Understanding the impact of AI on the advancement of gene therapy development

Abstract laptop with coloured DNA molecule

The biopharmaceutical landscape stands at the cusp of a transformative era, with artificial intelligence (AI) leading the charge. For gene therapy developers, every key milestone significantly influences long-term success and the timeline for commercialisation.

Yet, amidst this pivotal moment, a crucial question looms: how do you “separate the wheat from the chaff” in the field of AI? The challenge lies in pinpointing specific offerings and tangible AI innovations that yield substantial improvements in cumbersome and costly steps in the development process. The key to successfully integrating AI into gene therapy development is recognising at which steps AI can be a strategic advantage, and doing it faster than your competitors.

Opportunities to implement AI across the entire R&D pipeline

The gene therapy development process requires engagement with a large network of partners, including large pharma, small and mid-size biotechs, healthcare providers, patients, payors, regulatory bodies, and contract manufacturers.

With the rise of AI, in silico partners have been added to this list of essential drug development partners. These technology vendors offer AI-driven advancements that extend across gene therapy development stages, from pre-clinical testing to post-commercialisation. Another area that has seen major growth is the research and development space, where AI has been leveraged for many things, from target identification to preparing regulatory submissions for first-in-human trials.

Here’s a look at specific use cases where using AI-based tools can decrease costs, alleviate the risk of failure, and expedite the overall gene therapy development timeline.

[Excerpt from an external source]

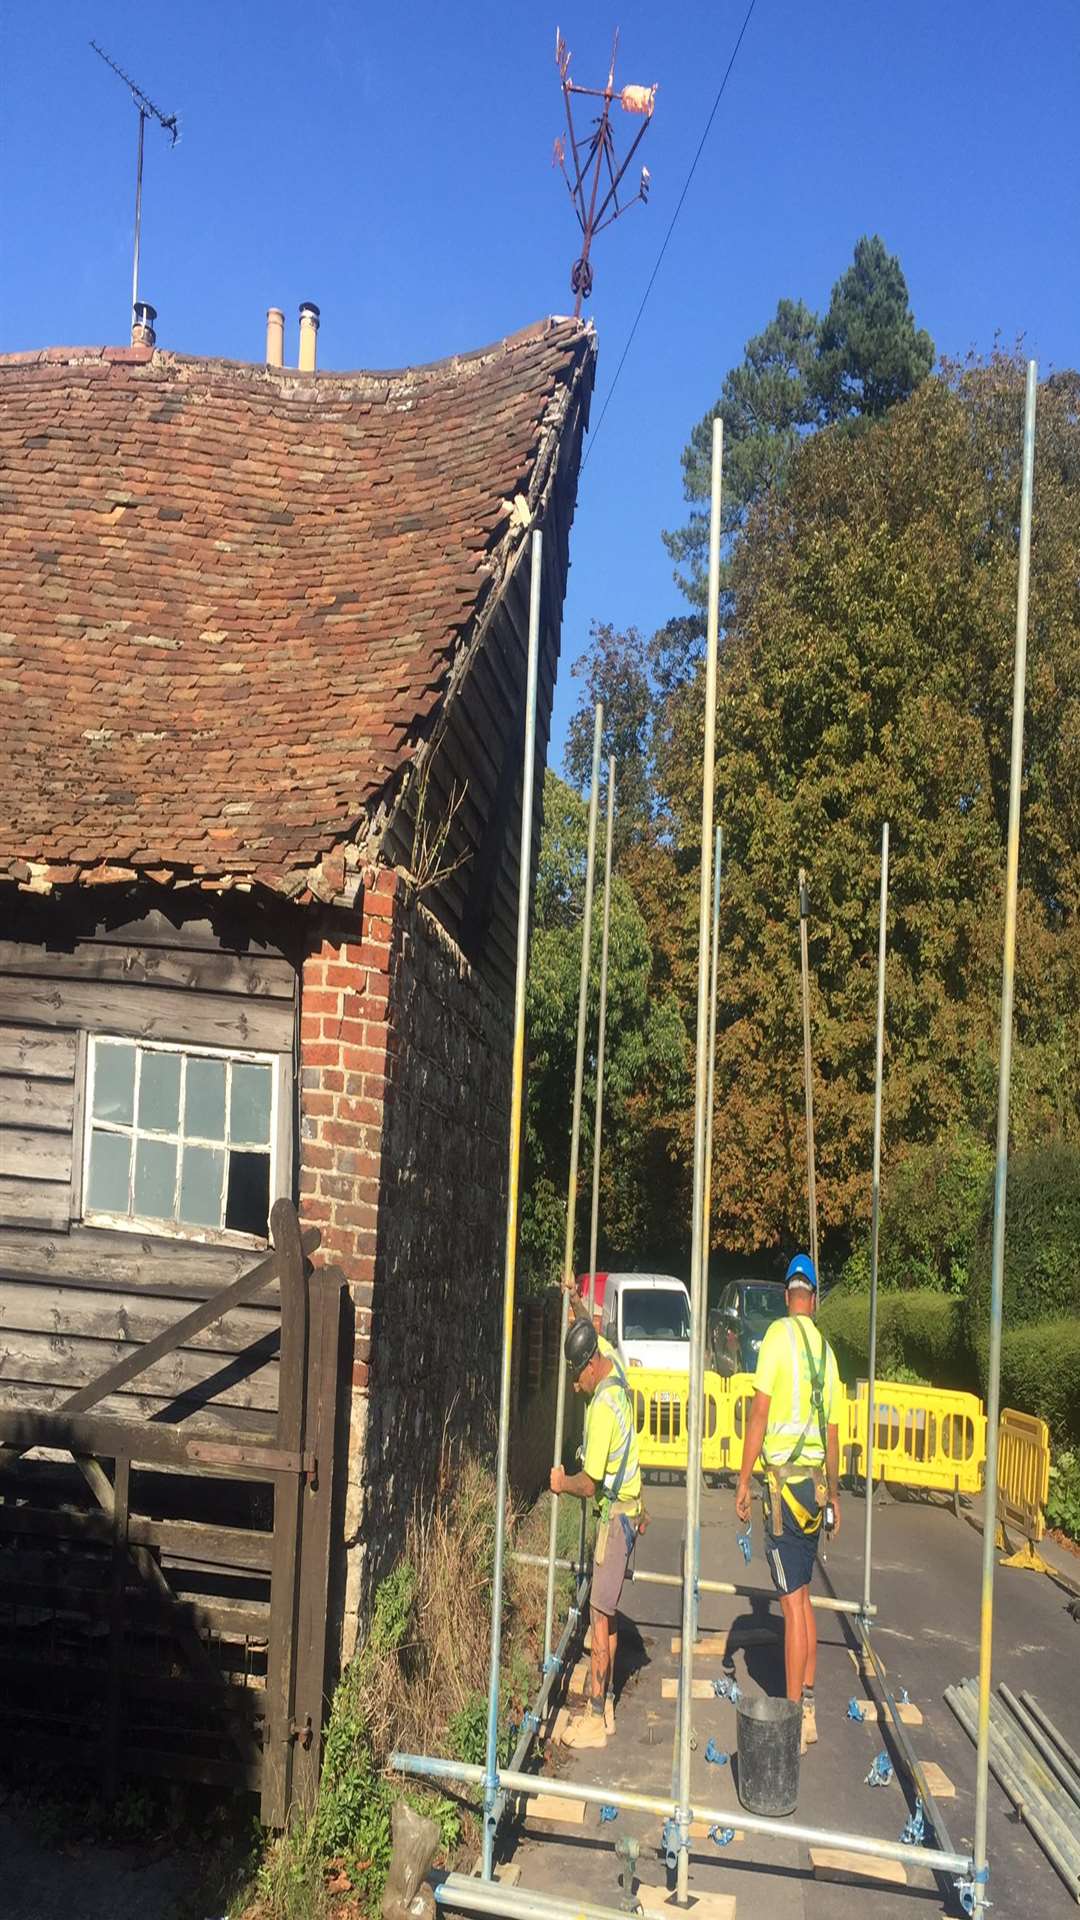 The building is unsafe and being repaired by Brownes' Scaffolding. Pic from @DavidBr61681566 on Twitter

Accelerating pre-clinical gene target discovery

The overwhelming volume of large-scale, disease-related genomic, other ‘omic, and publicly available real-world datasets surpasses human capacity for meaningful analysis. To address this challenge, AI, including large language models (LLM), has proven invaluable in sifting through and making sense of the vast corpus of high-throughput, diverse, and intricate genomic and molecular data. This capability aids in identifying potential therapeutic targets and extracting crucial features or relationships within biological networks. Through LLM, research groups can pinpoint promising gene targets, validate their therapeutic significance, and thus expedite the discovery and assessment of novel candidates for gene therapy interventions.

Minimising iterative time in vector and capsid design for transfection efficiency and tissue targeting

AI algorithms have enhanced viral vector design, de-risking, and optimisation, leading to improved safety and manufacturability. Computational modelling and simulation make it possible to assess the efficiency of producing encapsidated full vectors, ensuring the highest likelihood of manufacturing success while maintaining cost efficiency. Coupled with some extensive AI-driven AAV capsid design studies, these capabilities open up new possibilities for targeting specific tissues and avoiding pre-existing immunity to AAV vectors - a major limitation of current gene therapies.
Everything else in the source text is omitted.